INFORMATION SHOWN
········

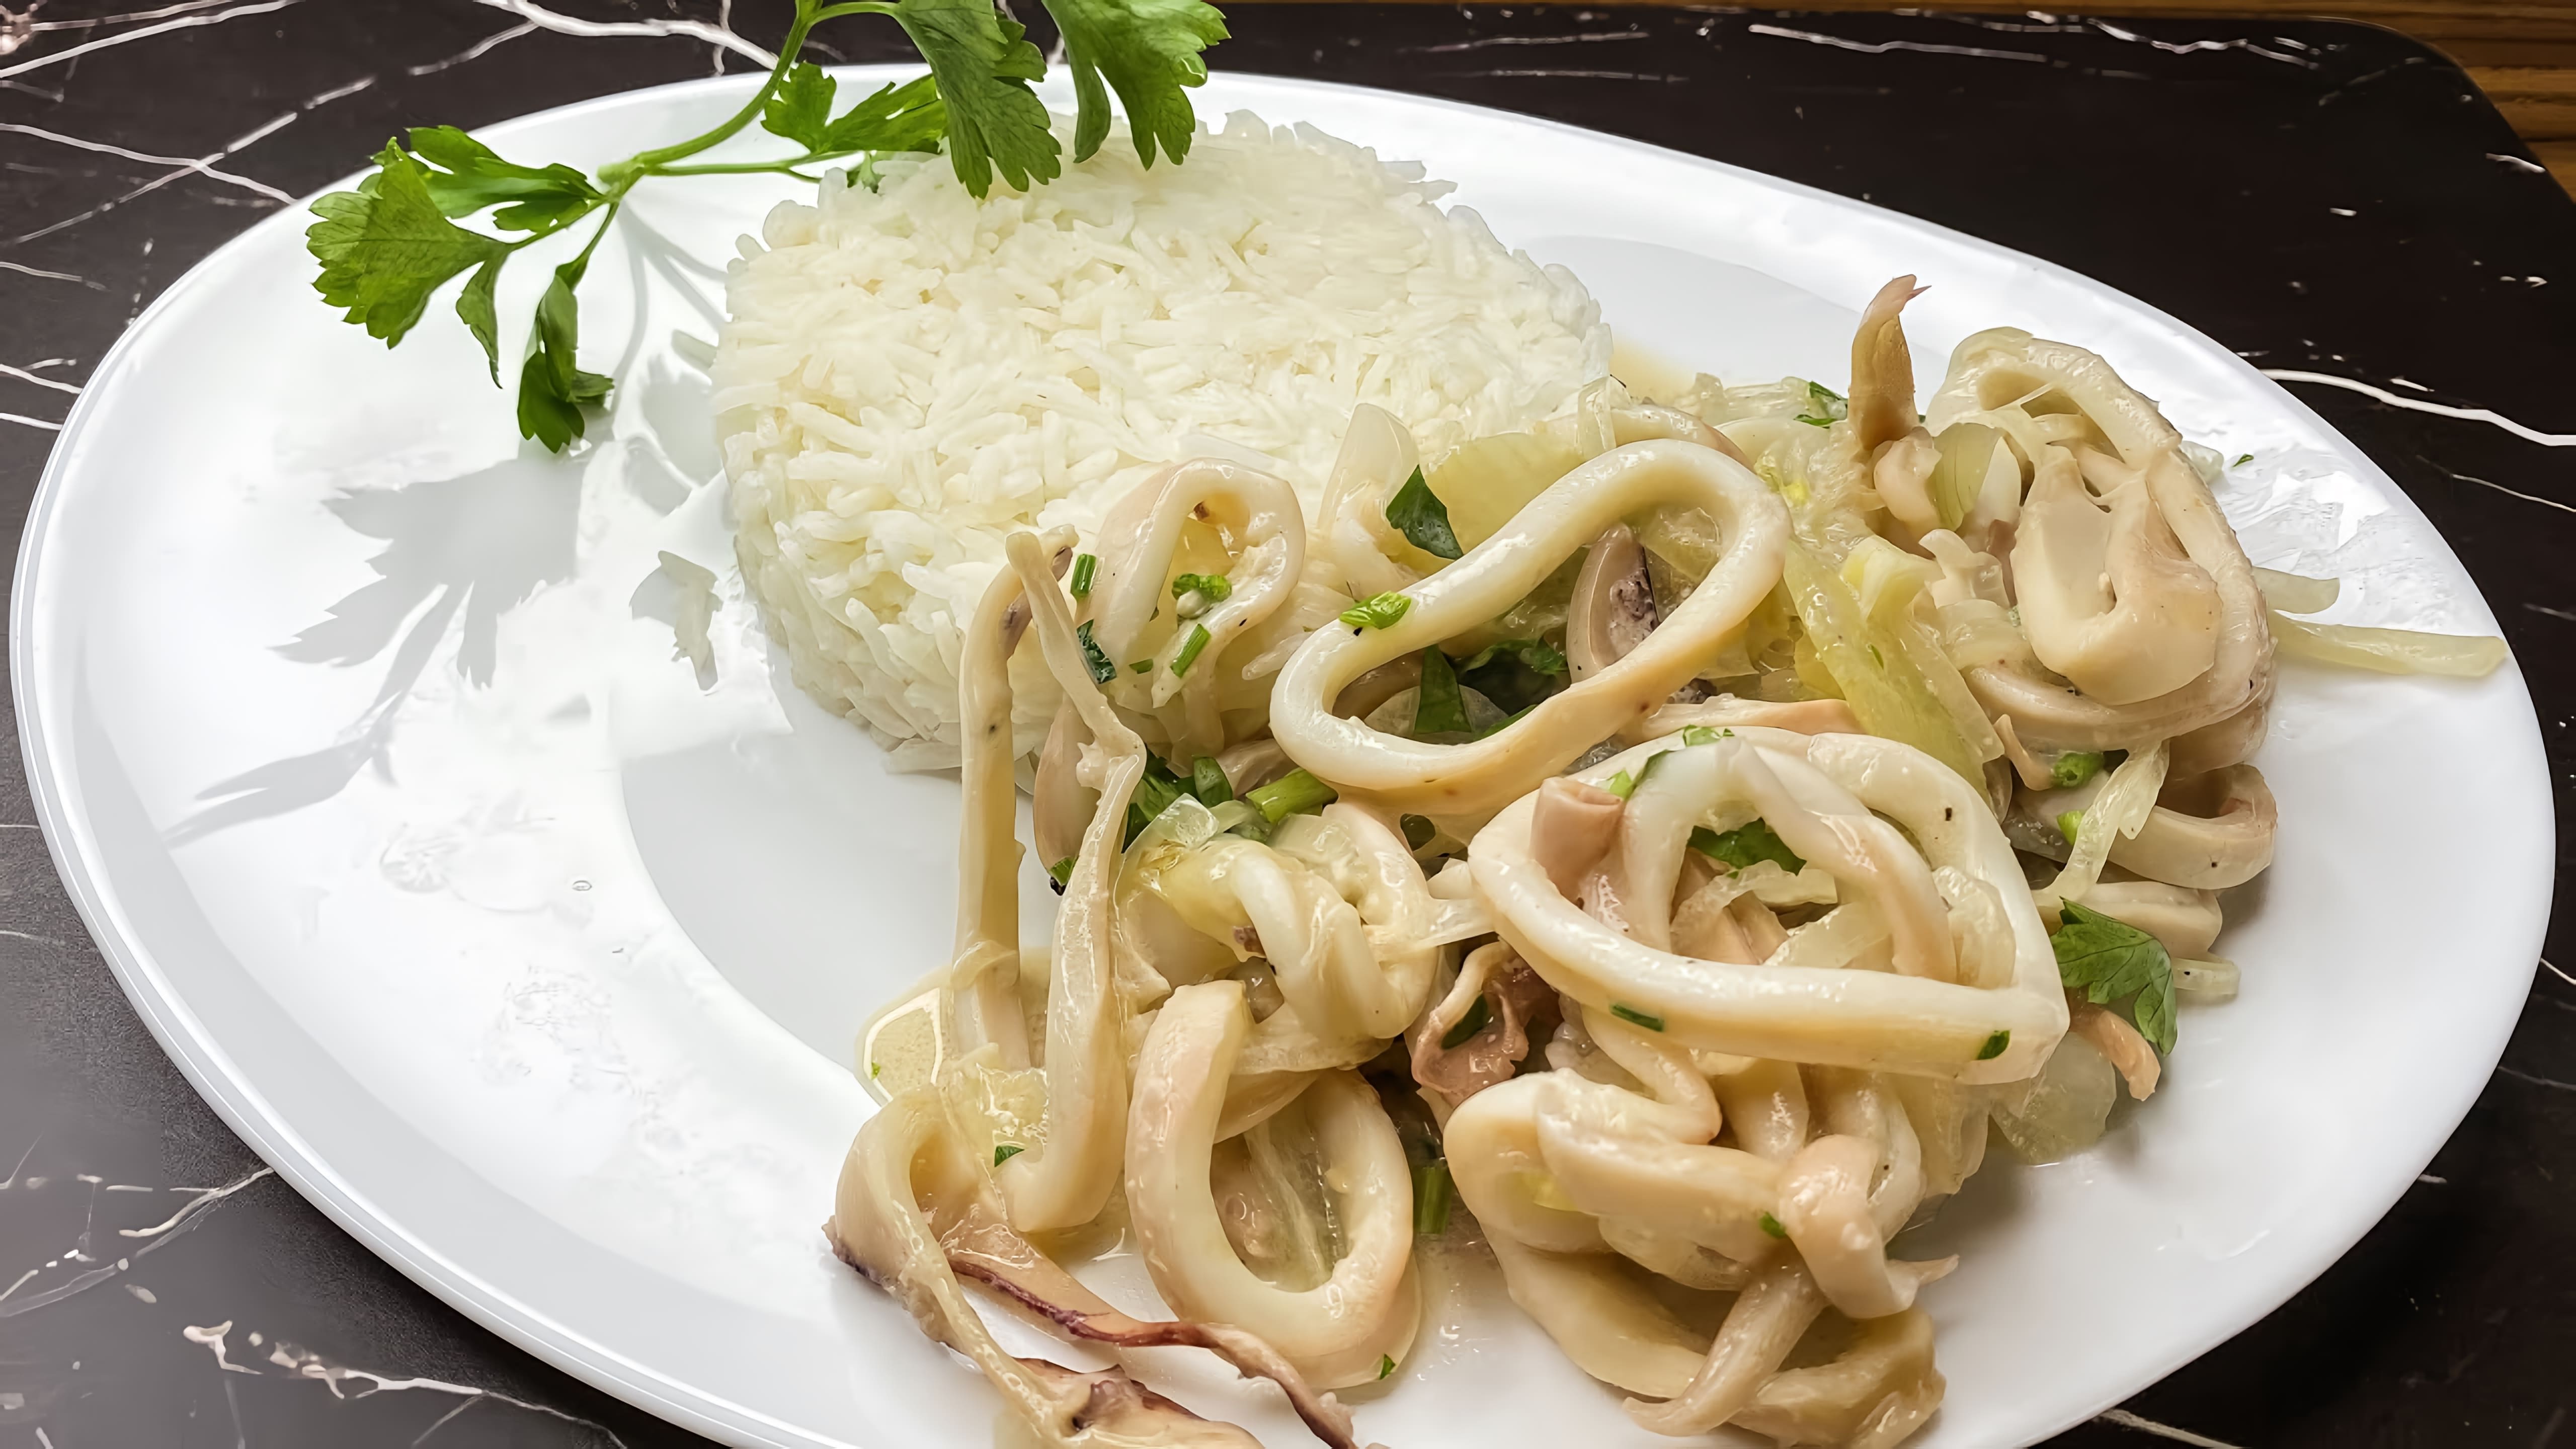 В этом видео демонстрируется процесс приготовления вкусного и полезного блюда - кальмаров с рисом
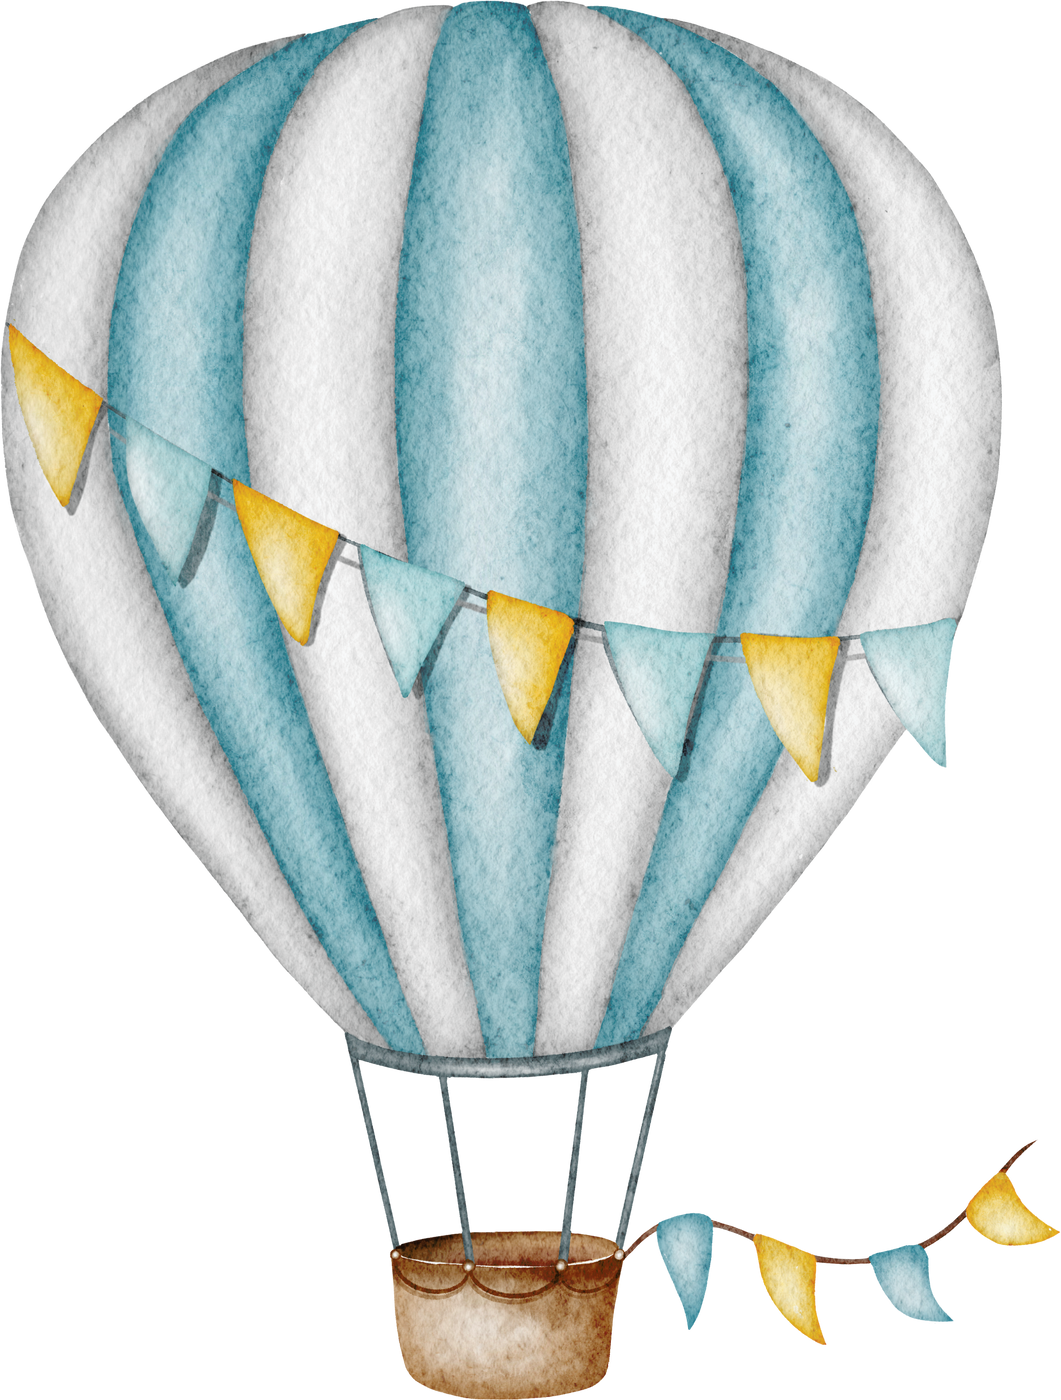 Watercolor hot air balloon illustration
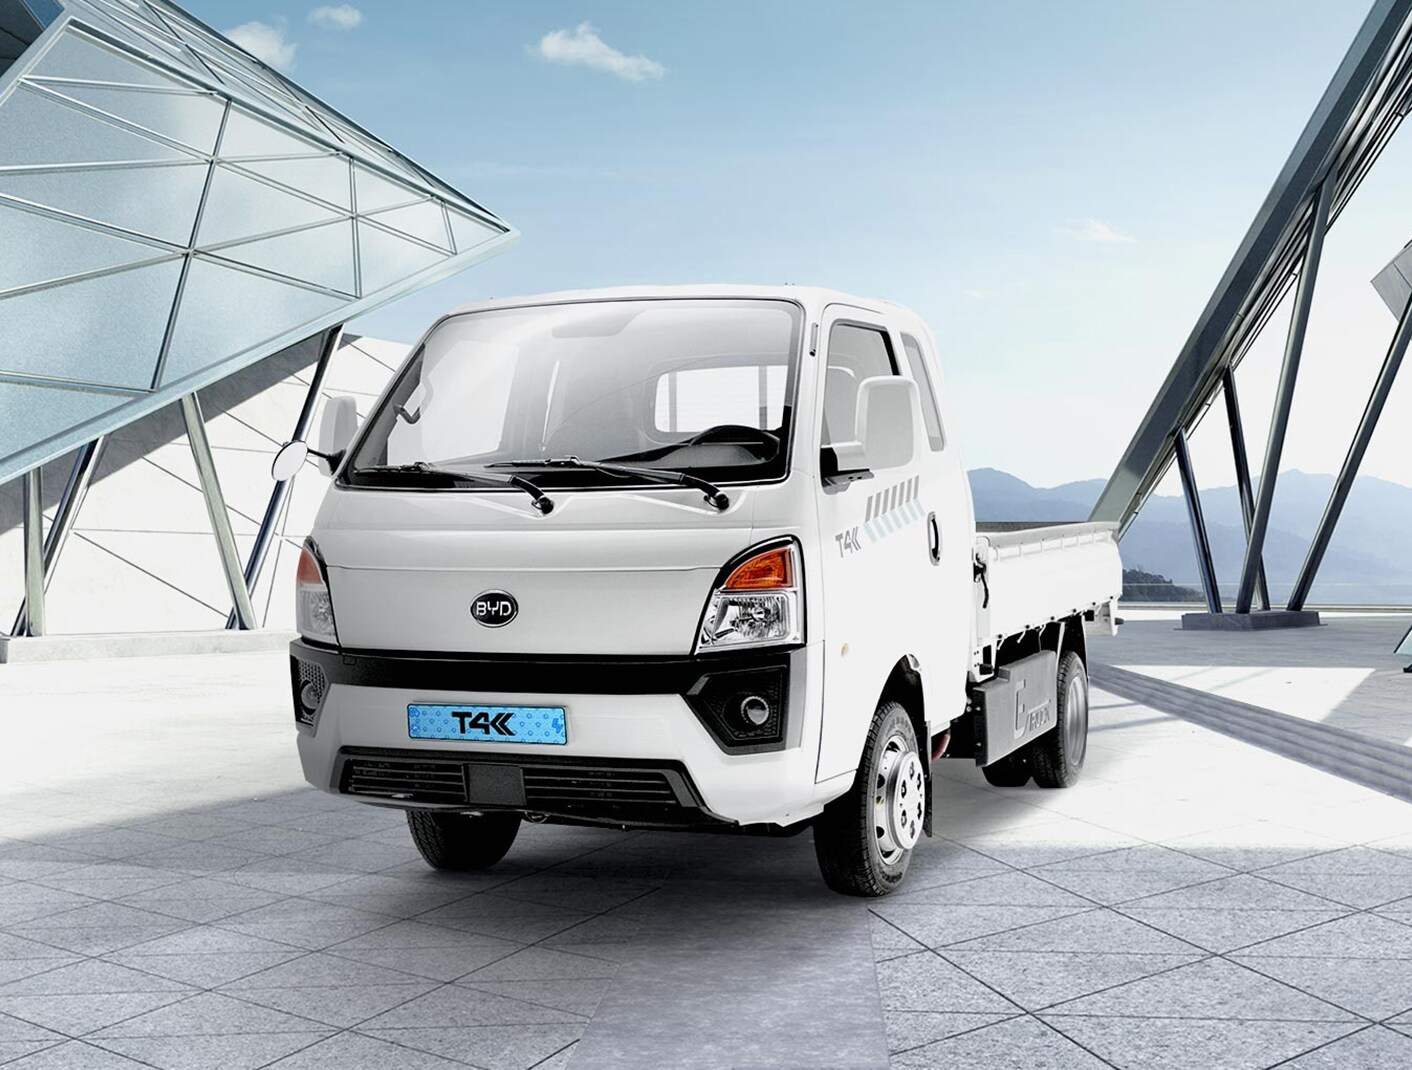 Hankook Tire suministra llantas en equipo original para el modelo de camión eléctrico T4K de BYD.
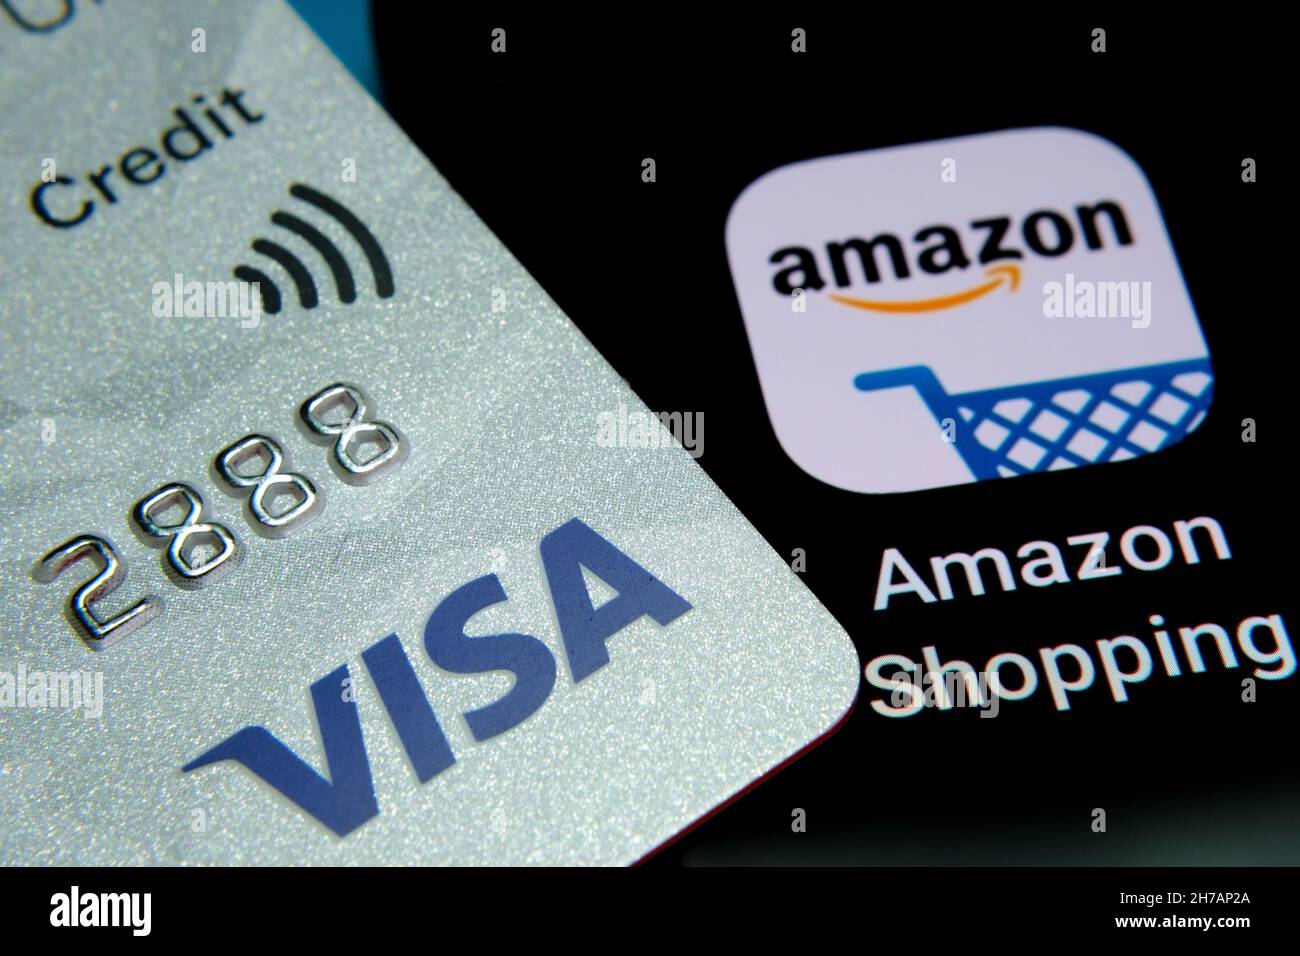 CARTE DE CRÉDIT VISA placée sur le dessus du smartphone avec l'application Amazon Shopping.Concept.Stafford, Royaume-Uni, 21 novembre 2021. Banque D'Images

········

PROBLEM STATEMENT
Copy out all the data exactly; skip the pictures.

ANSWER TO THE PROBLEM
 В этом видео демонстрируется процесс приготовления вкусного и полезного блюда - кальмаров с рисом
 Watercolor hot air balloon illustration
 Hankook Tire suministra llantas en equipo original para el modelo de camión eléctrico T4K de BYD.
 CARTE DE CRÉDIT VISA placée sur le dessus du smartphone avec l'application Amazon Shopping.Concept.Stafford, Royaume-Uni, 21 novembre 2021. Banque D'Images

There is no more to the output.